Overview of the structure

Each subunit of MmcR exhibited a C-terminal catalytic domain and N-terminal dimerization domain. The C-terminal domain contains the conserved DXGXGXG fingerprint needed for cofactor binding. It is folded into a Rossmann fold, comprising a central parallel β-sheet (β1-β7) where all except β7 are parallel to each other, and surrounded by seven alternating α-helices (α10-α16) (Fig. 3A). The sequence of secondary structural elements in this core SAM binding domain is comprised of α10, β1, α11, β2, α12, β3, β4, γ13, α14, β5, α15, α16, β6, and β7. The N-terminal domain involved in dimerization and for substrate binding contains all α-helical secondary structural elements. The secondary elements mainly engaged in dimer formation include the helices, α1, α4, α6, α7 and α15 (Fig. 3B). The interaction area of dimer interface is 3146 Ų (Fig. 3B) mostly dominated by hydrophobic interactions along with 29 hydrogen bonds and 17 salt bridges. Analysis of crystal packing does not support the formation of a tetramer, as the interaction in the crystal lattice are rather weak. The largest interaction area with an adjacent molecule is only 467 Ų, indicative of crystal contacts rather than a protein-protein interface. This is consistent with biochemical analysis by native sodium dodecyl sulfate/polyacrylamide gel electrophoresis (determined MW 73.2 kDa; calculated MW for the dimer, 75.2 kDa; data not shown). The MmcR-bound product (MMA) is situated at the interface of N- and C-terminal domains (Fig. 3A), and residues from both of these domains are involved in product binding. The fold of MmcR very much resembles previously reported O-MTases such as carminomycin 4-O-methyltransferase (DnrK),³⁷ neocarzinostatin O-methyltransferase (NcsB1),³⁸ chalcone O-methyltransferase (ChOMT),³⁹ isoflavone O-methyltransferase (IOMT),³⁹ calicheamicin O-methyltransferase (CalO1, Chang et. al. unpublished) and caffeic acid/5-hydroxyferulic acid 3/5 O-methyltransferase (COMT).⁴⁰

Fig. 3.

(A) Overview of the secondary structural elements in the MmcR-SAH-MMA ternary complex (helices are colored blue, strands are colored magenta, ligands SAH and MMA are colored yellow, letters N and C correspond to the N-terminus and C-terminus of the MmcR protein, respectively). (B) Ribbon representation of MmcR-SAH-MMA ternary complex quaternary structure, showing dimer interfaces.

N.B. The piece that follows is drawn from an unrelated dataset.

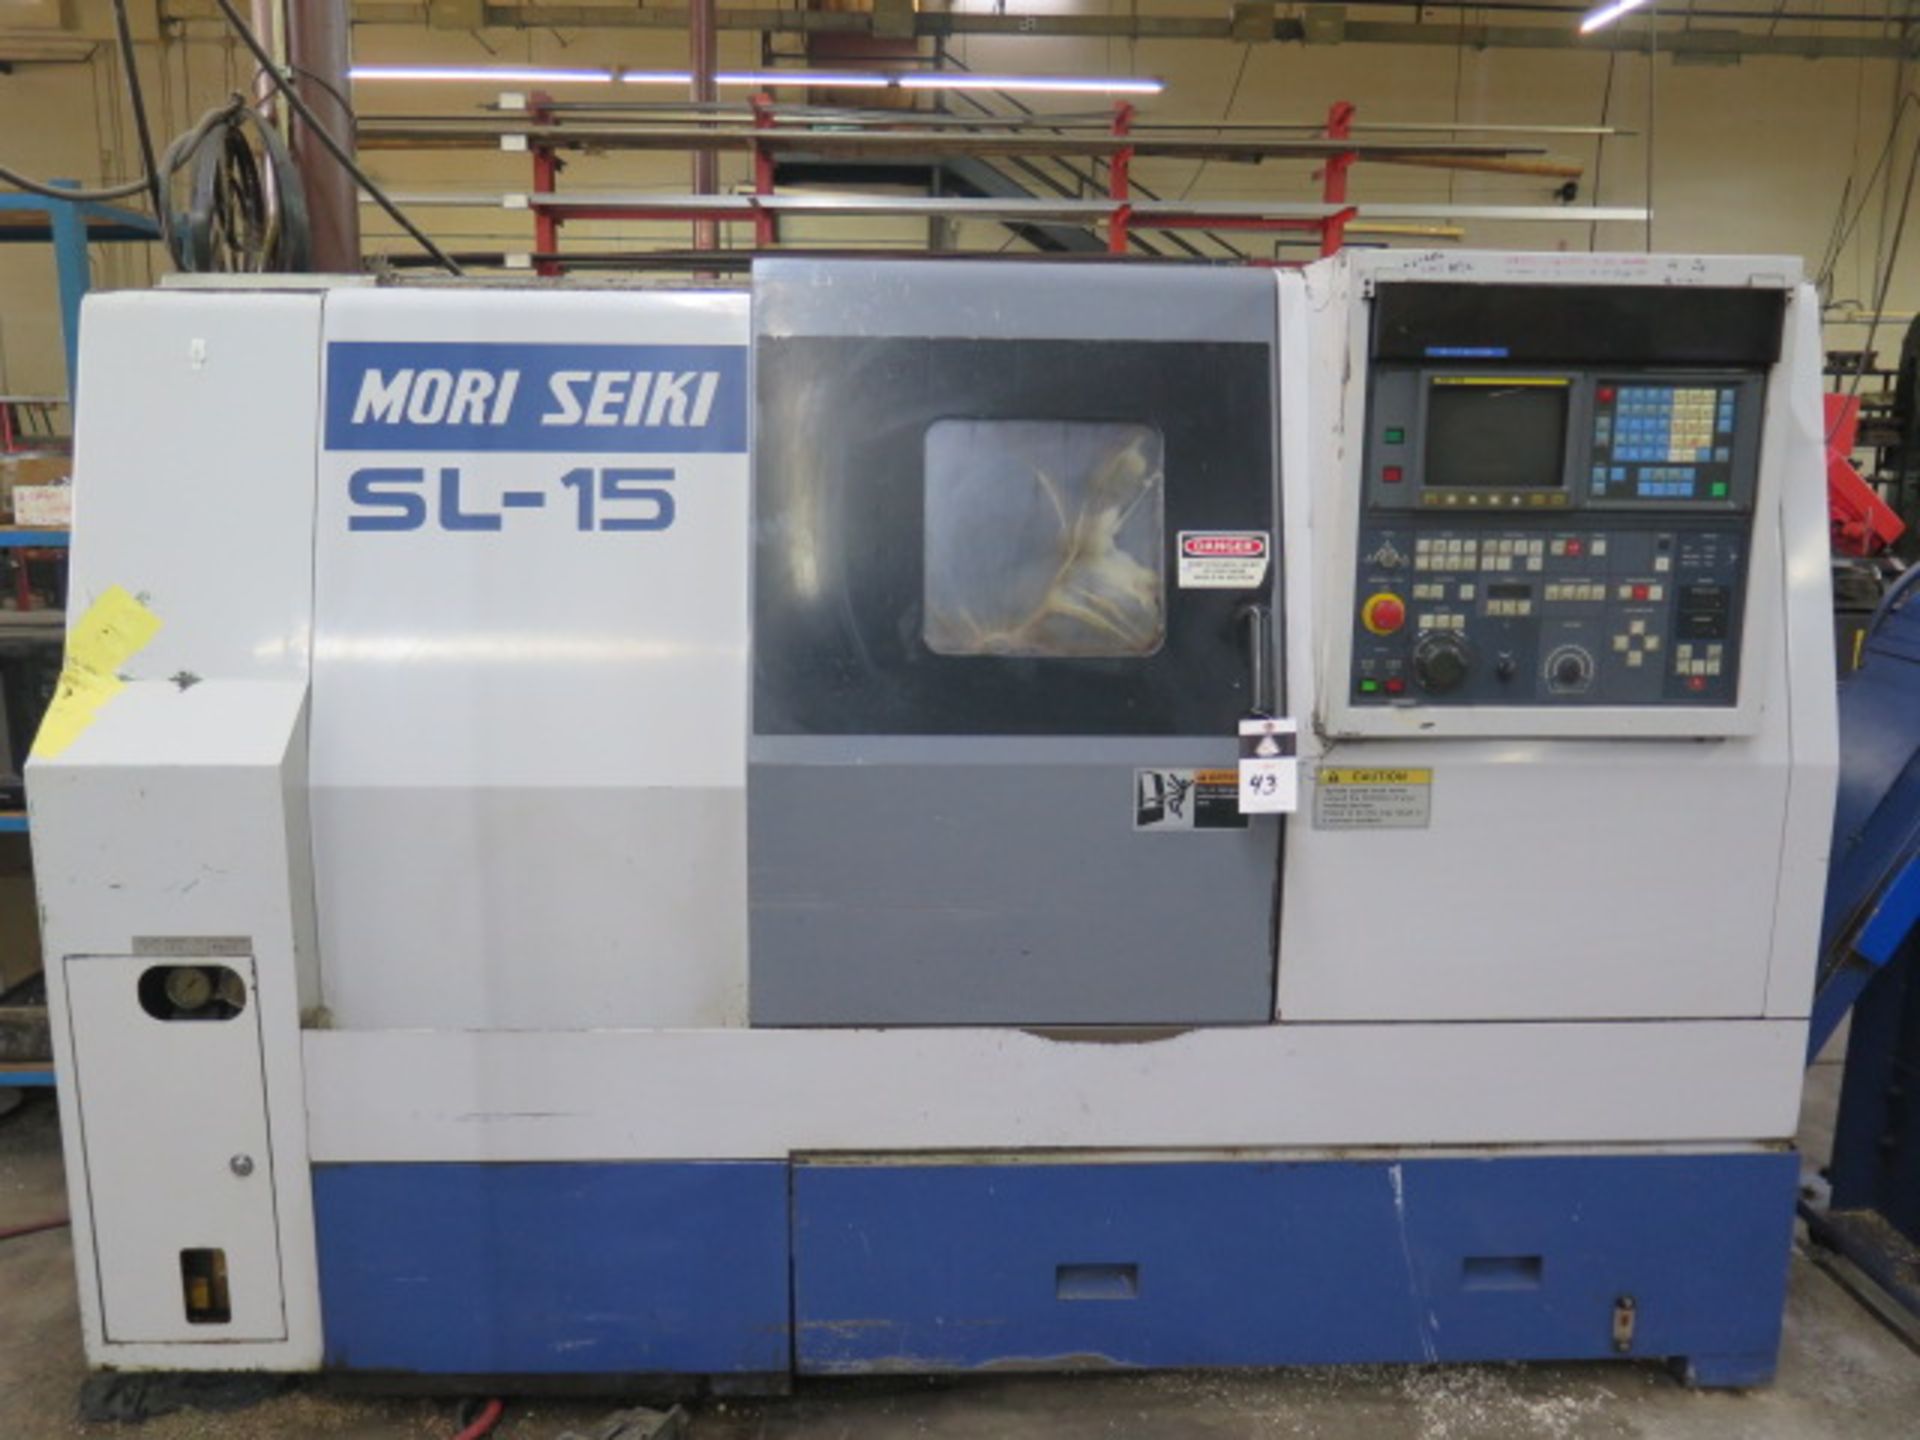 Mori Seiki SL-15 CNC Turning Center s/n 1528 w/ Fanuc MF-T4 Controls, 12-Station Turret, SOLD AS IS

In this representation, the two monomers are colored red and blue and ligands SAH and MMA are colored cyan and yellow, respectively. (C) Stereoview of interaction of SAH and MMA in MmcR-SAH-MMA complex. The stick model of SAH and MMA are depicted in magenta and yellow, respectively. The interacting MmcR residues are labeled and illustrated in blue, green and cyan for hydrophobic, charged, and neutral residues, respectively. Polar interactions are depicted by orange hed lines.

The SAM/SAH binding site

In both determined structures, the cofactor product SAH is well defined by electron density (Fig. 2A). MmcR bears a signature motif (DXGXGXG) containing highly conserved residues for the recognition of SAM/SAH and, like all SAM-dependent MTases, contains conserved active site residues to provide a network of hydrogen bonding interactions (Fig. 3C) with the donor and acceptor of the methyl group (see Fig. 4 for sequence alignment with representative homologs). The carboxylate group of SAH forms an electrostatic interaction with side chains of Ser167, Lys255. The terminal amino group participates in a hydrogen bonding network not only in direct interactions with backbone oxygen of Gly190 and Lys255 but also indirectly with backbone nitrogen of Lys255, backbone oxygen of Ile189 and side chain oxygen of Asp188 via water molecules. The adenine ring forms stacking interactions with the side chains of Trp261and Phe241, and Asp240 forms a hydrogen bond to the N6 amino group. The ribose moiety is anchored to MmcR through hydrogen bonds of the O2^* and O3^* hydroxyl groups to the side chains of Glu213 and Arg214. Lys255 interacts with both the carboxyl group as well as the amino group of SAM/SAH, and the latter also forms a hydrogen bond to the main chain carbonyl oxygen of Gly190. The SAH sulfur atom makes hydrophobic interactions with side chains of Phe159 and Met163. Most of these interactions are globally conserved among the MTase family.

Fig. 4.

Alignment of selected structural homologs of MmcR identified by DALI search: calicheamicin-O-methyltransferase CalO1 (PDB: 3LST); neocarzinostatin-O-methyltransferase NcsB1 (PDB: 3I5U); isoflavone methyltransferase IOMT (PDB: 1FP2); carminomycin-4-O-methyltransferase Dnrk (PDB: 1TW3); aclacinomycin hydroxylase RdmB (PDB:1QZZ)). The alignment was generated by the Multalin-4.1 web-server using default parameters. Residues with sequence consensus above 90% and 50% are colored red and blue, respectively. Yellow boxes highlight the putative catalytic residues.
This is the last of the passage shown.